Figure S5.. Deubiquitinase activities of LotD.

Diubiquitin panel cleavage assay by WT LotD and catalytic triad residues (C13S, H256A, and D6A) of LotD against eight diubiquitin linkages. Reactions were quenched at the indicated time-points and analyzed on SDS–PAGE with silver staining. Source data are available for this figure.

Figure S6.. S1 ubiquitin-binding site of the LOT DUB family.

(A) Structural overlay of LotA OTU1 (cyan), LotA OTU2 (7F9X, orange), LotB (6KS5, gray), and LotC (7BU0, pink). Structures were aligned by their core OTU domains. Three VRs are highlighted in pink, and CR is colored in green. (B) The EHL domain of LotA OTU1 (blue), LotA OTU2 (7F9X, orange), LotB (6KS5, gray), and LotC (7BU0, pink). VR1 for the LOT DUB family is concentrated in a helical loop region C-terminal to the EHL core helix. (C) Close-up views of the VRs and CR of LotB (6KS5). Three VRs (pink) and CR (green) residues are represented as a stick model, and experimentally validated residues are highlighted in red color. (D) Close-up views of the VRs and CR of LotC (7BU0). Three VRs (pink) and CR (green) residues are represented as a stick model, and experimentally validated residues are highlighted in red color. (E) Close-up views of the VRs and CR of LotA OTU2 (7F9X). Three VRs (pink) and CR (green) residues are represented as a stick model, and experimentally validated residues are highlighted in red color.

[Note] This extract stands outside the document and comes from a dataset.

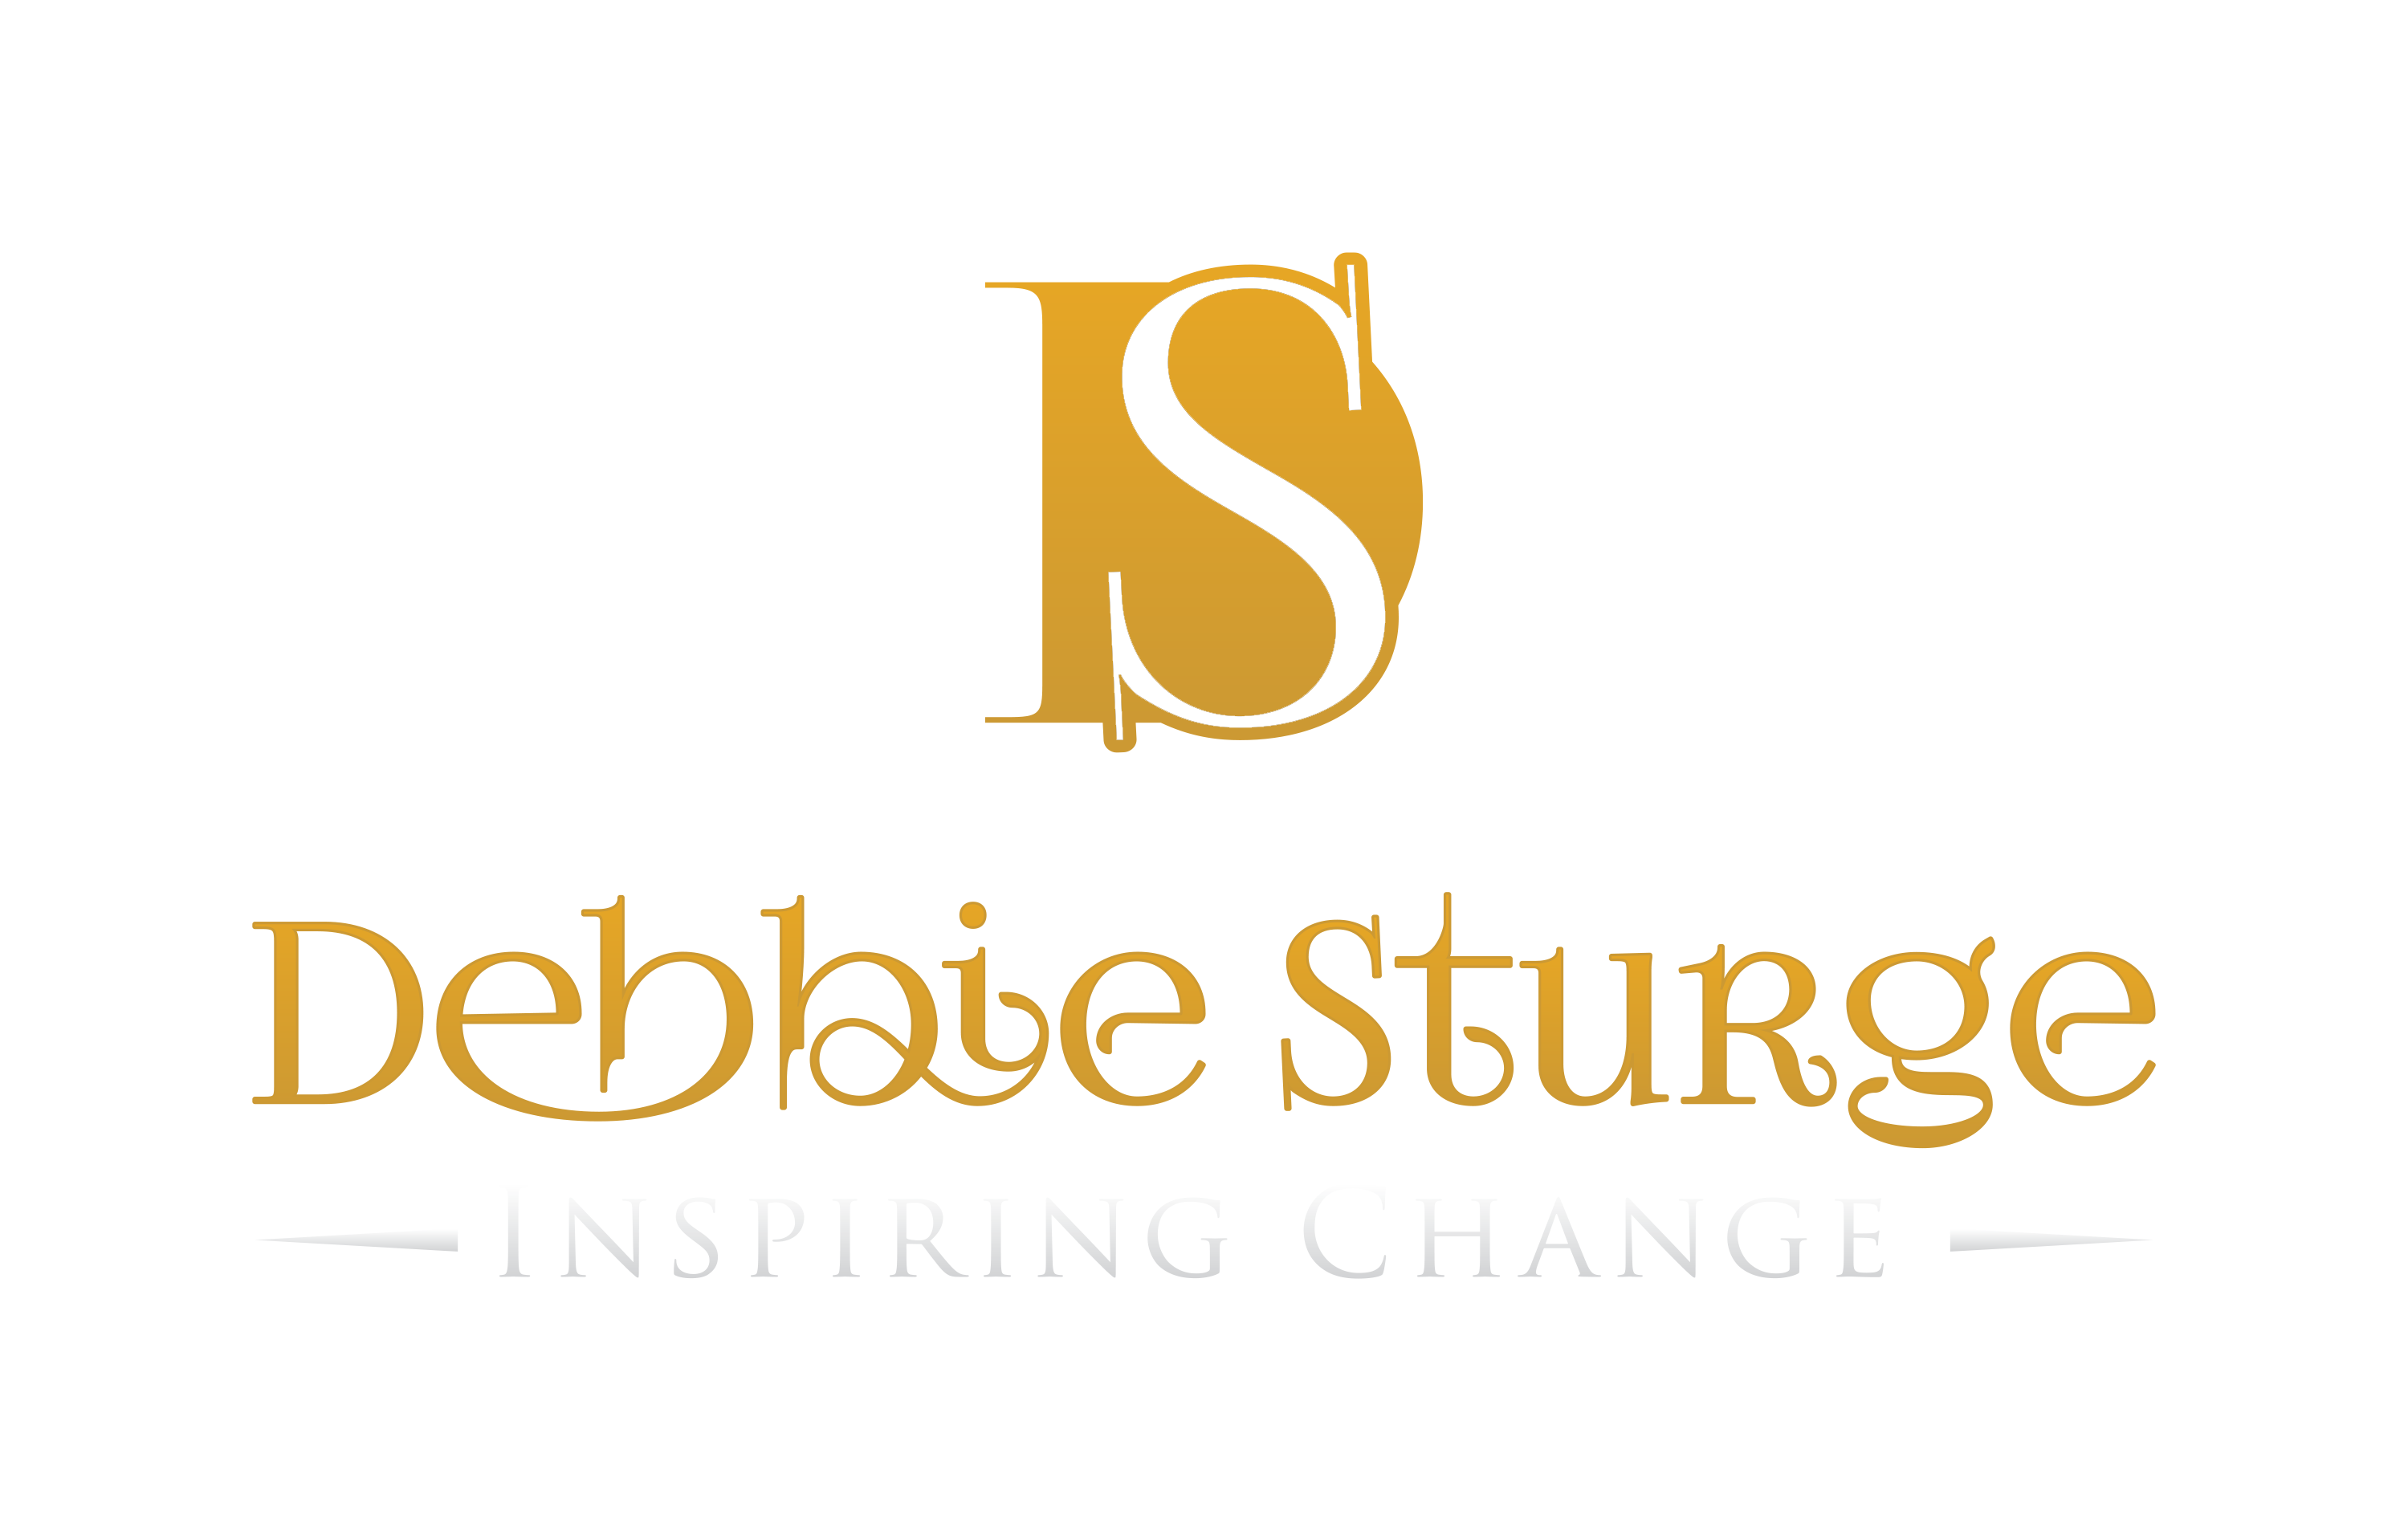 Debbie Sturge

Figure 7.. S1 ubiquitin-binding site of LotA OTU1.

(A) Cartoon representation of LotA OTU1. The constant region (CR, green) and three variable regions (VRs, pink) are the parts of the S1 ubiquitin-binding site. The EHL domain contains the VR1 region of the LOT DUB family. (B) Close-up views of the VRs and CR of LotA OTU1. Three VRs (pink) and CR (green) residues are represented as a stick model, and experimentally identified residues are highlighted in red color. (C) K6-linked diubiquitin cleavage assay by LotA OTU1 WT and its mutants or deletion of VRs (VR1, VR2, and VR3) in LotA OTU1. Reactions were quenched at the indicated time-points and resolved by SDS–PAGE with silver staining. (D) Polyubiquitin cleavage assay by LotA OTU1_OTU2 WT and VR1 mutants of LotA OTU1 as labeled. (D, E) Quantification of remaining K48-linked tetraubiquitin chains shown in (D). Data are presented as the mean ± S.D (n = 3, * 0.01 < P < 0.05 and ** 0.001 < P < 0.01). (F) Gel-based K48-linked polyubiquitin cleavage assay by LotA OTU1_OTU2 WT and VR1 deletion of LotA (residues 125–131) mutant of LotA OTU1_OTU2. Source data are available for this figure.